I suggest mapping CIDs to code points mapped by the latest UniJIS-UTFxx as following. I guess the current mapping of Adobe-Japan1-UCS2 is for a variant but the latest UniJIS-UTFxx mapping better fits the glyph.

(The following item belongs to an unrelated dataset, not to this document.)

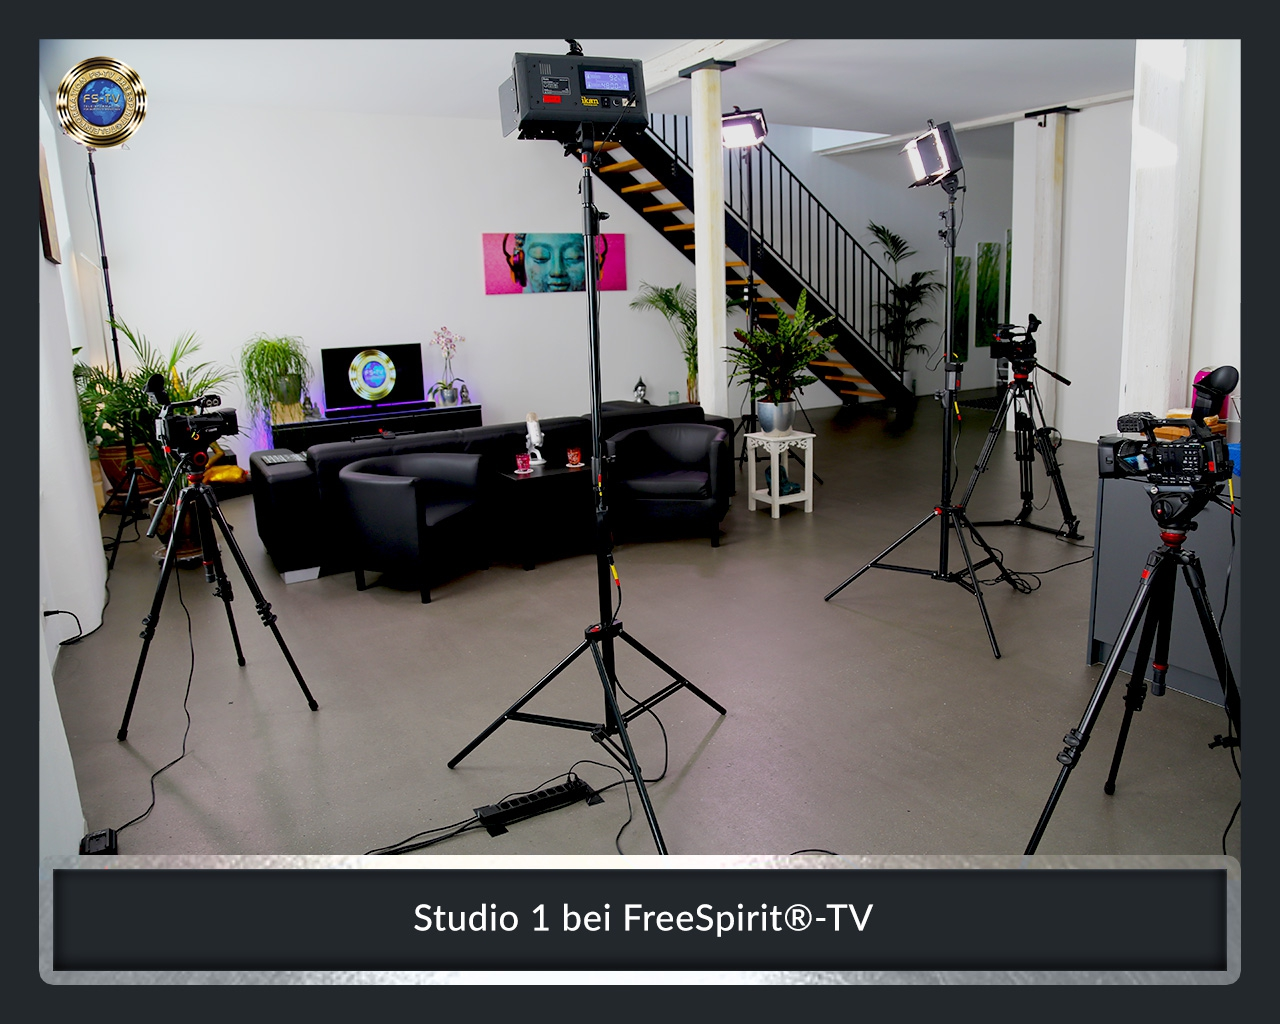 FS-TV-Bildergallerie-Studio-1

CID CID hex Adobe-Japan1-UCS2 UniJIS-UTFxx
13651 0x3553 U+885e 衞 U+2b7d8 𫟘 ExtD Unicode6.0(2010)
13695 0x357f U+8218 舘 U+fa6d 舘 Unicode5.2(2009)
13724 0x359c U+2363a 𣘺 U+2b78e 𫞎 ExtD Unicode6.0(2010)
13740 0x35ac U+6075 恵 U+fa6b 恵 Unicode5.2(2009)
13780 0x35d4 U+4eca 今 U+2b746 𫝆 ExtD Unicode6.0(2010)
13866 0x362a U+52e2 勢 U+2b751 𫝑 ExtD Unicode6.0(2010)
14064 0x36f0 U+687a 桺 U+2b789 𫞉 ExtD Unicode6.0(2010)
14089 0x3709 U+6881 梁 U+9fc4 鿄 Unicode5.2(2009)
14168 0x3758 U+7953 祓 U+9fc6 鿆 Unicode5.2(2009)
14281 0x37c9 U+242ee 𤋮 U+fa6c 𤋮 Unicode5.2(2009)
20114 0x4e92 U+5ea7 座 U+2b776 𫝶 ExtD Unicode6.0(2010)
20201 0x4ee9 U+83df 菟 U+2b7cf 𫟏 ExtD Unicode6.0(2010)
20240 0x4f10 U+943a 鐺 U+2b7f0 𫟰 ExtD Unicode6.0(2010)
kenlunde commented 5 years ago

@t-tk Today’s CJK Type Blog article, entitled To UVS, Or Not To UVS, should help you to better understand my plans for updating the Adobe-Japan1-UCS2 ToUnicode mapping file.

hatchzo commented 1 year ago

The latest version of the Adobe-Japan1-UCS2 ToUnicode mapping resources addresses everything in that issue.